→ **WHAT YOU HAVE TO DO**: Please return exactly the lines from the beginning of the listing up to and including the line with "Evandro/Bruno disputa a", with no pictures.

→ **MATERIAL PROVIDED**:
- Opening Delimiter -

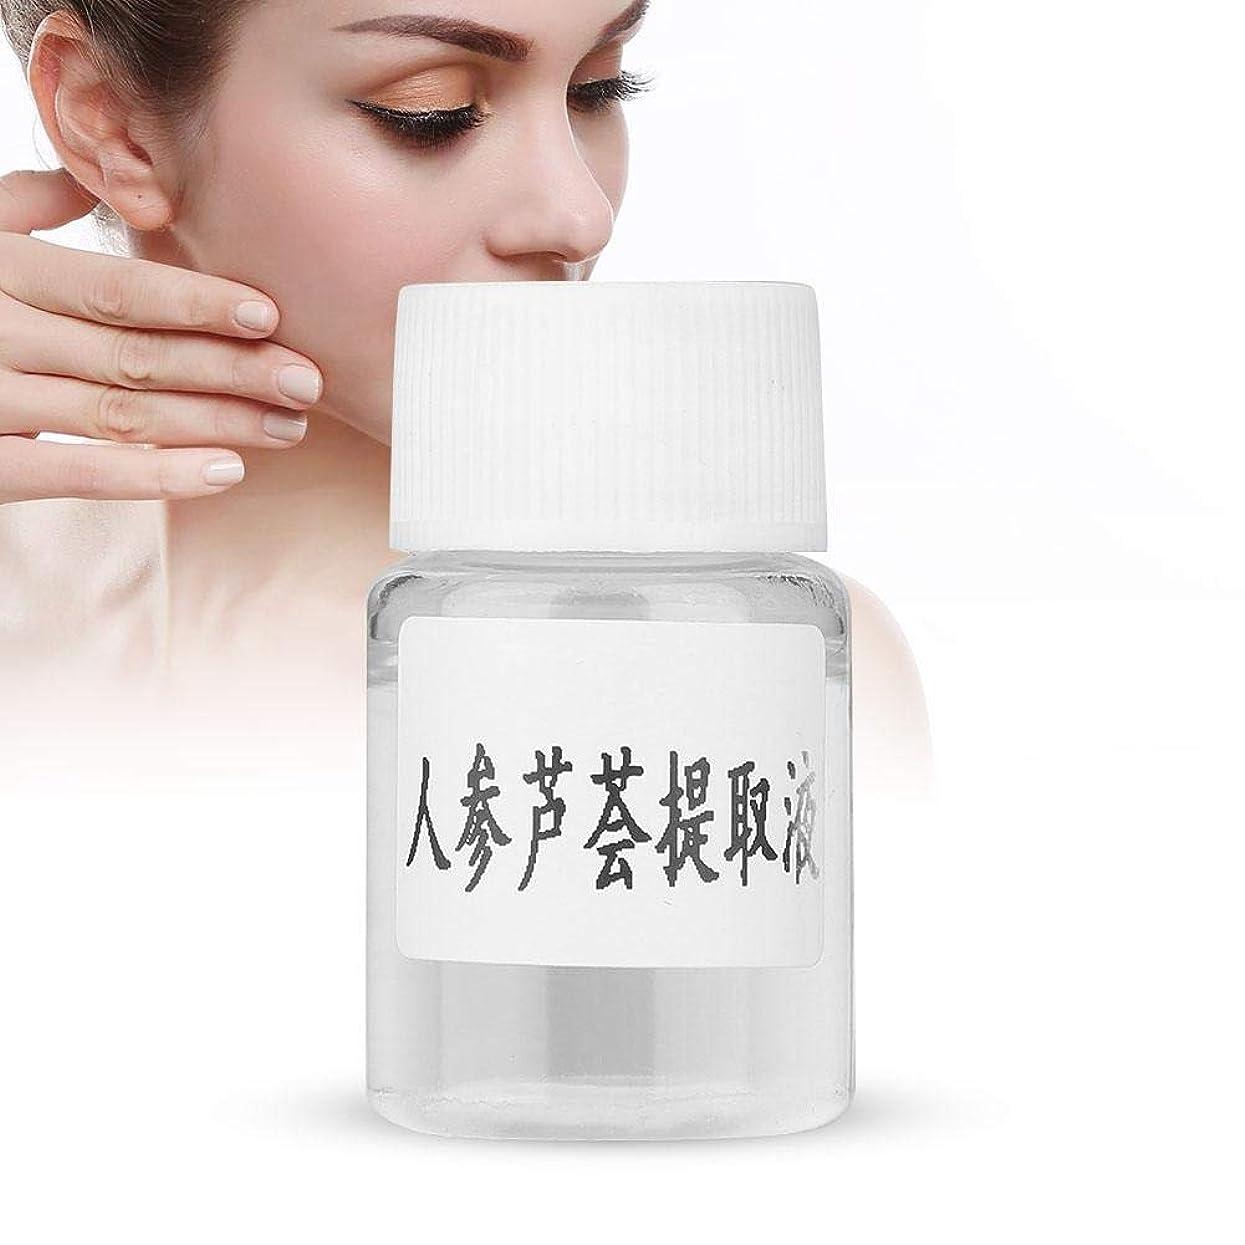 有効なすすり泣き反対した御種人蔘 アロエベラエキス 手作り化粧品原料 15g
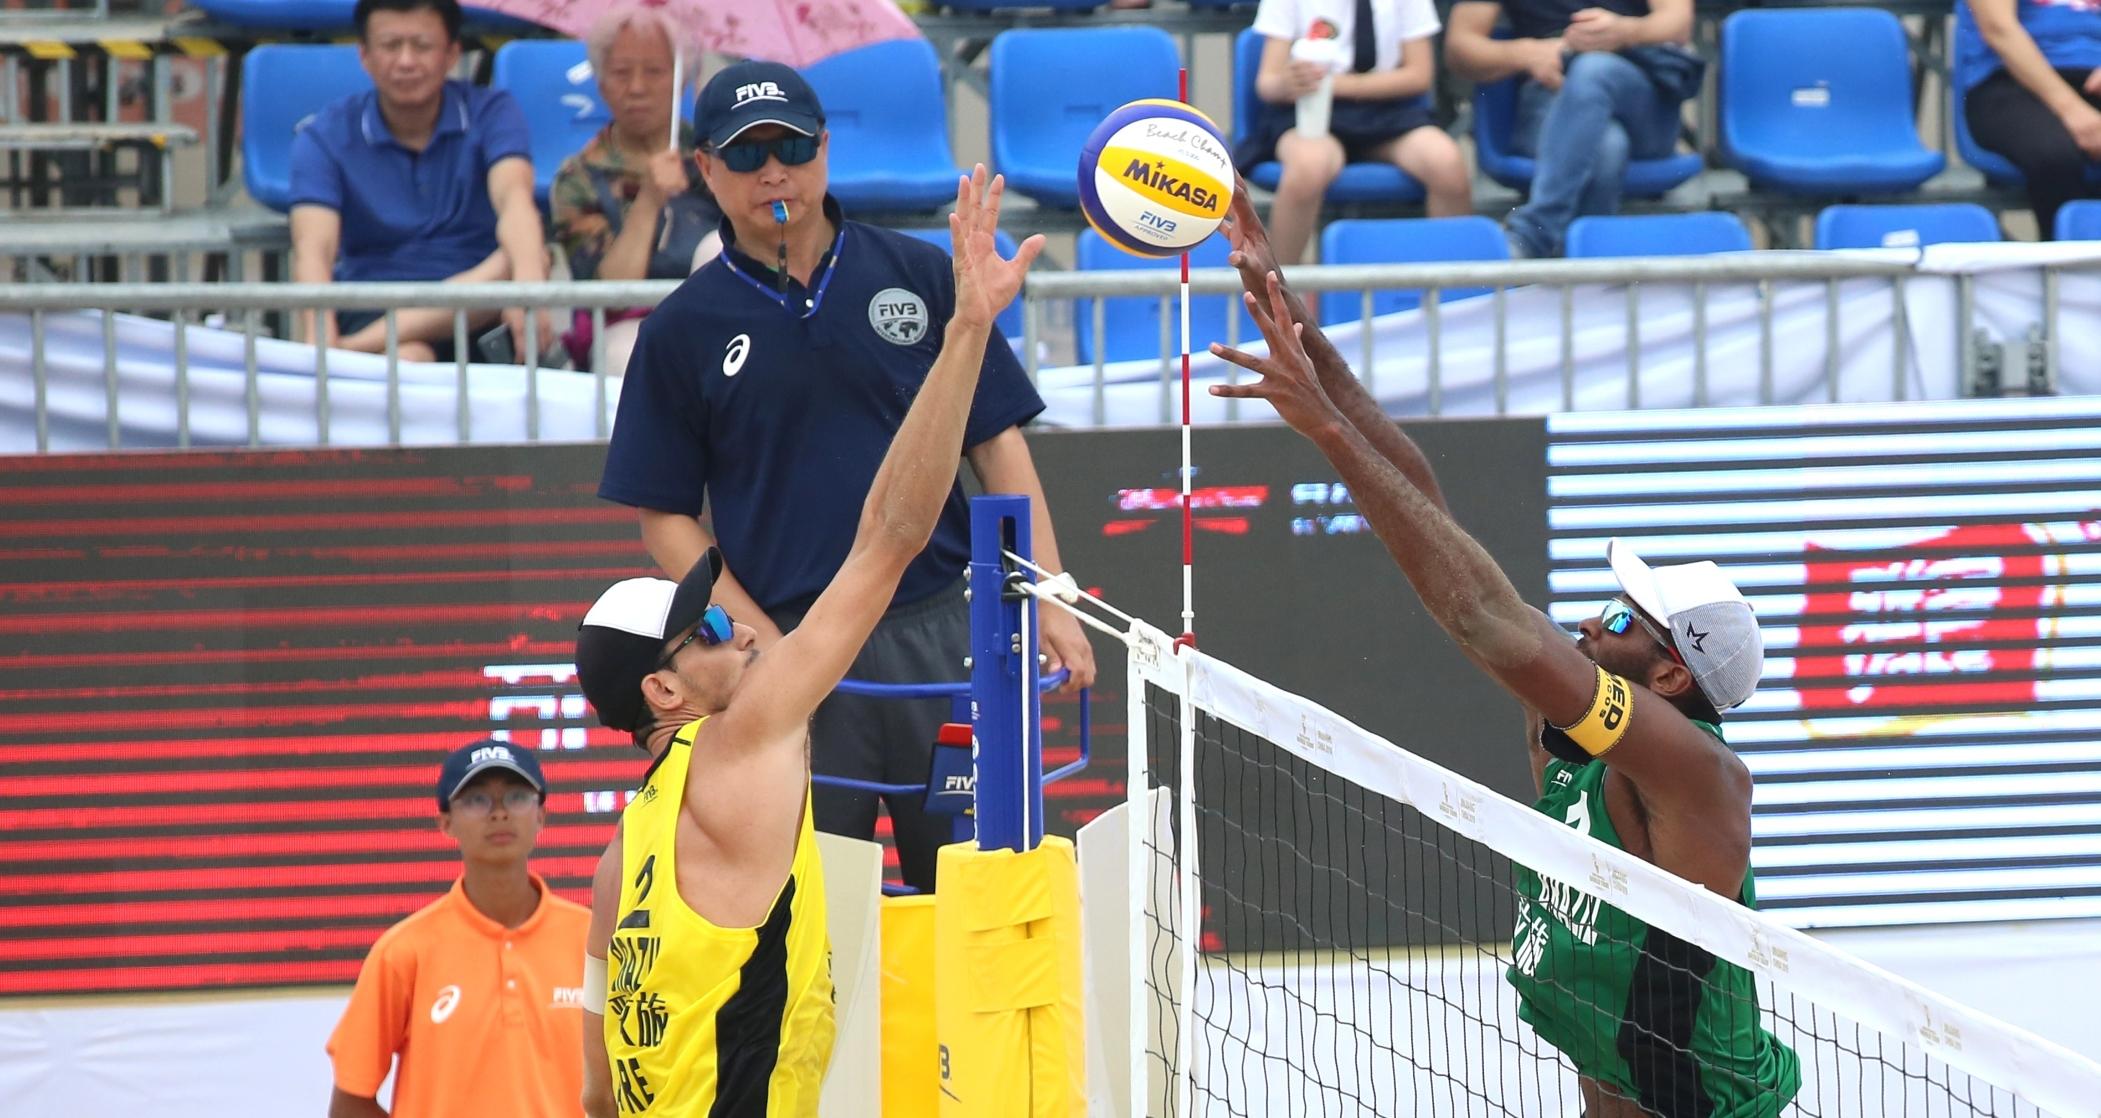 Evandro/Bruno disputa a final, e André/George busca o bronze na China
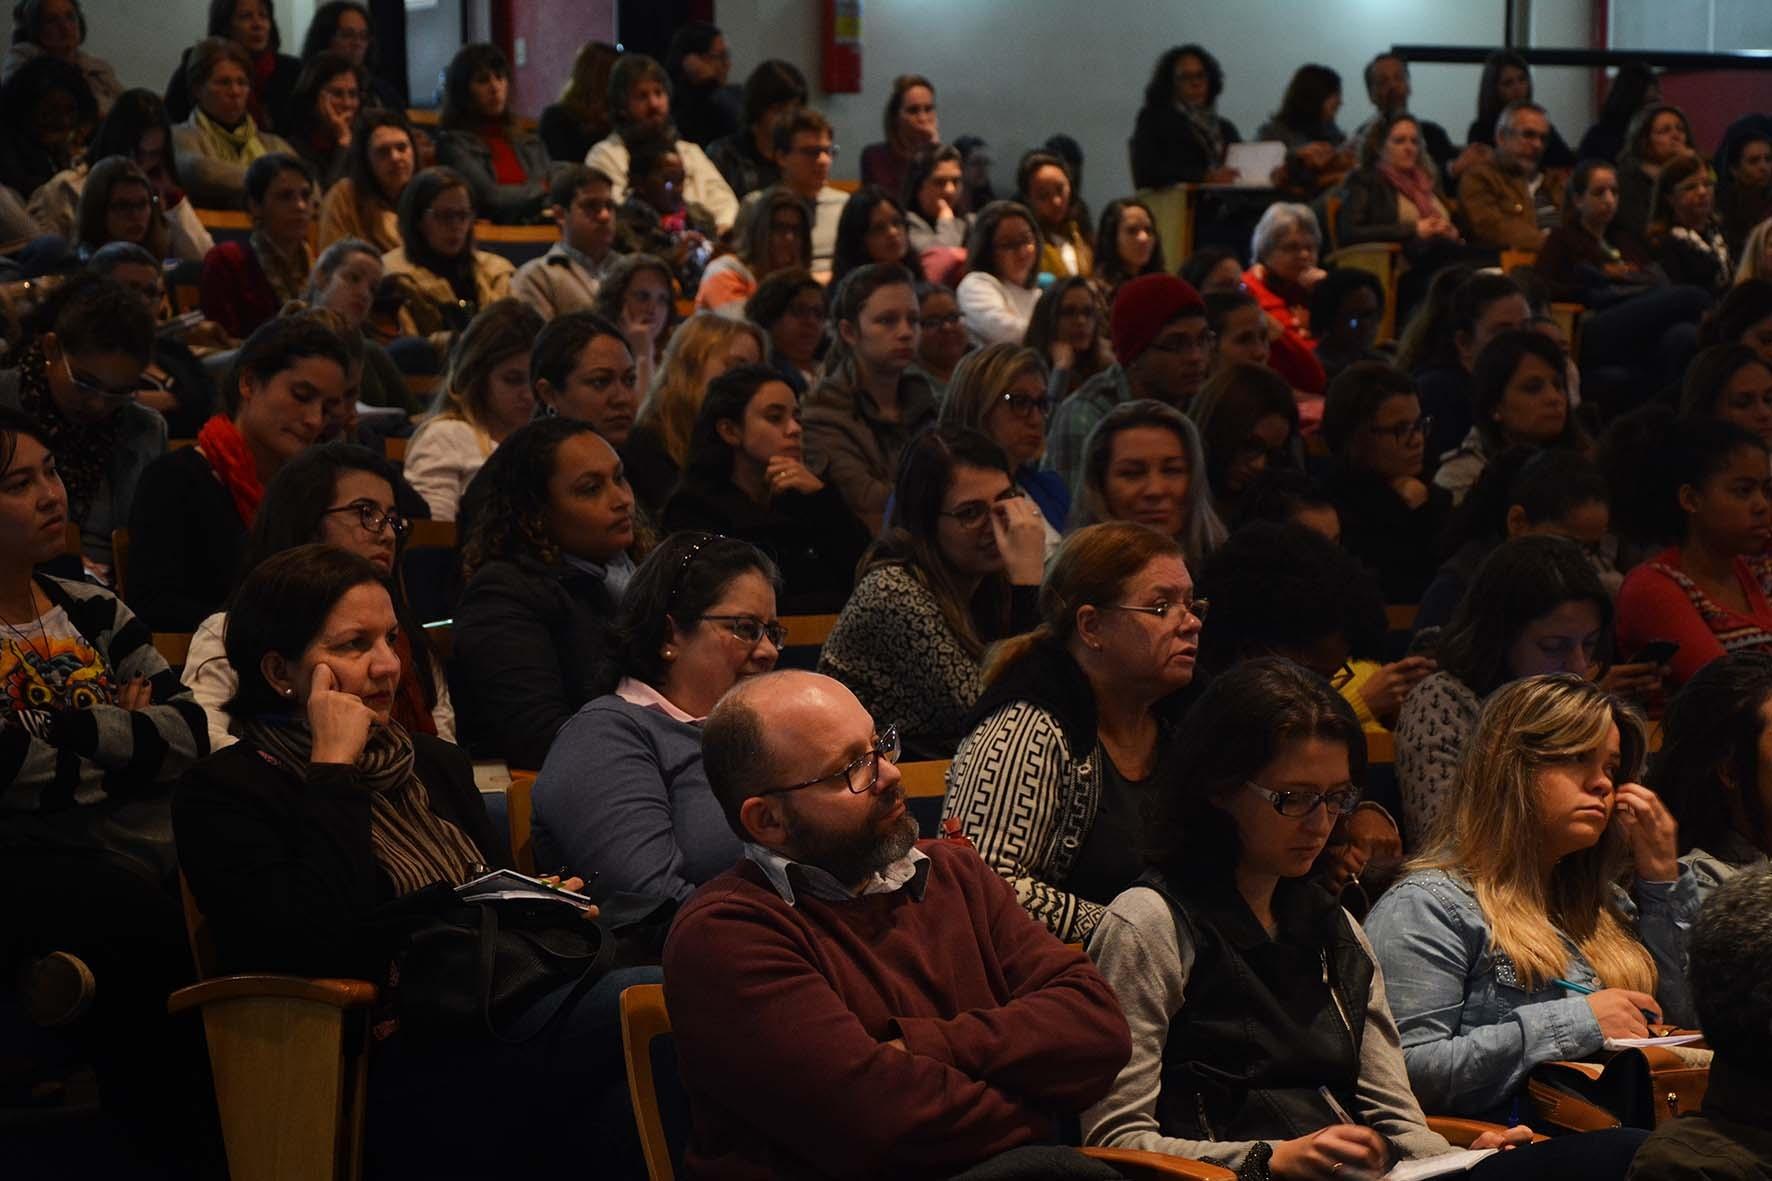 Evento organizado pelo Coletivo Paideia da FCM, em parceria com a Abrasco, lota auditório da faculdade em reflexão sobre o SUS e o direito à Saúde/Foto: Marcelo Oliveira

- Closing Delimiter -

→ **ANSWER TO THE PROBLEM**:
 有効なすすり泣き反対した御種人蔘 アロエベラエキス 手作り化粧品原料 15g
 Evandro/Bruno disputa a final, e André/George busca o bronze na China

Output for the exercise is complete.